Неугомонная! Как у нее сил хватает, ведь они на ногах сегодня с раннего утра. Всегда веселая, добрая, ласковая, всегда напевает песню, сколько бы работы за день не переделала, никогда не жалуется. И во всем ей, Жене, помогает, сочувствует. Вот и сейчас велела ей отдыхать, заканчивает дневную работу одна. Славная, – думала о новой подруге Женя, – я совсем на нее не похожа. Уже почти месяц как отступила болезнь и слабость, а сил превозмочь усталость к середине дня все не находится. За Мерсией ей не угнаться.

– Мерсия! Как называется это море?

– Что? – Мерсия от неожиданности прервала свою песню, неохотно оторвалась от работы, выронила одеяло в воду, встряхнула головой, так что черная коса выскользнула из-под платка и змеей скользнула в морскую воду. Девушка выпрямилась, расправила плечи и недовольно начала закручивать в узел непослушную косу.

– Что-то и я уже устала, – сказала она, присев рядом с Женей на серебристый и горячий от солнца песок.

– Как называется это море? – повторила свой вопрос Женя.
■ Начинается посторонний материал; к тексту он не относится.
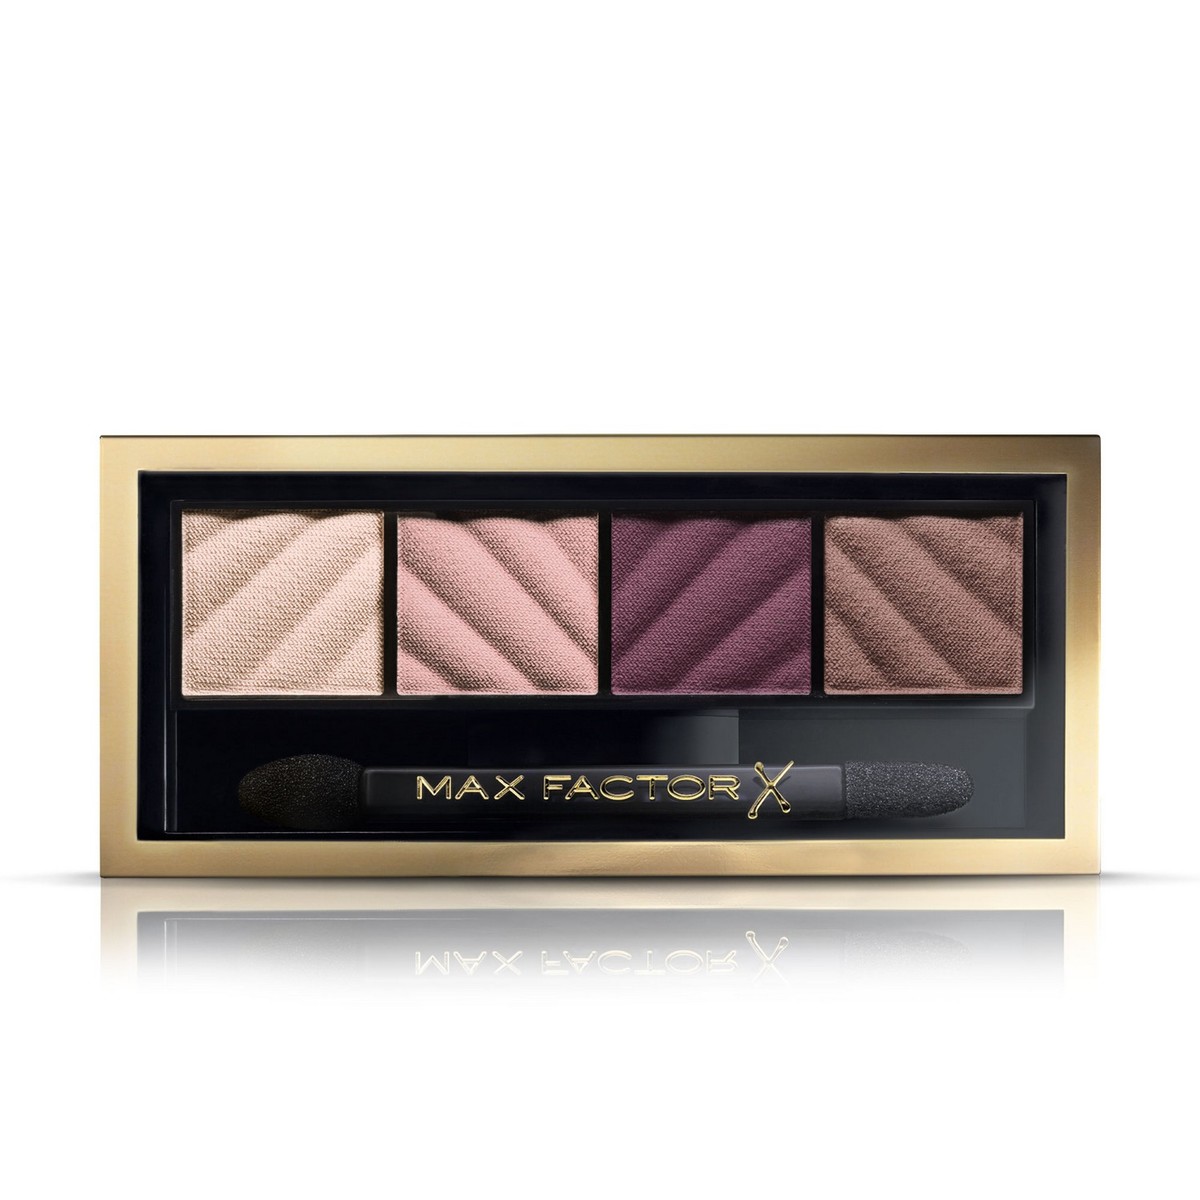 Max Factor Smokey Eye Matte Drama Kit Eyeshadow Palette 20 Rich Roses 1pc

Староанглийский язык, на котором с ней заговорила в первый день Мерсия, давался ей с трудом, и она общалась со своей спутницей в режиме мыслеобмена, как совсем недавно ее учил Страйг.

– Море как называется? Да, как же ему еще называться, Море франков, конечно, – всплеснула руками от удивления Мерсия.

«А у нас это пролив Ла-Манш», – подумала про себя Женя.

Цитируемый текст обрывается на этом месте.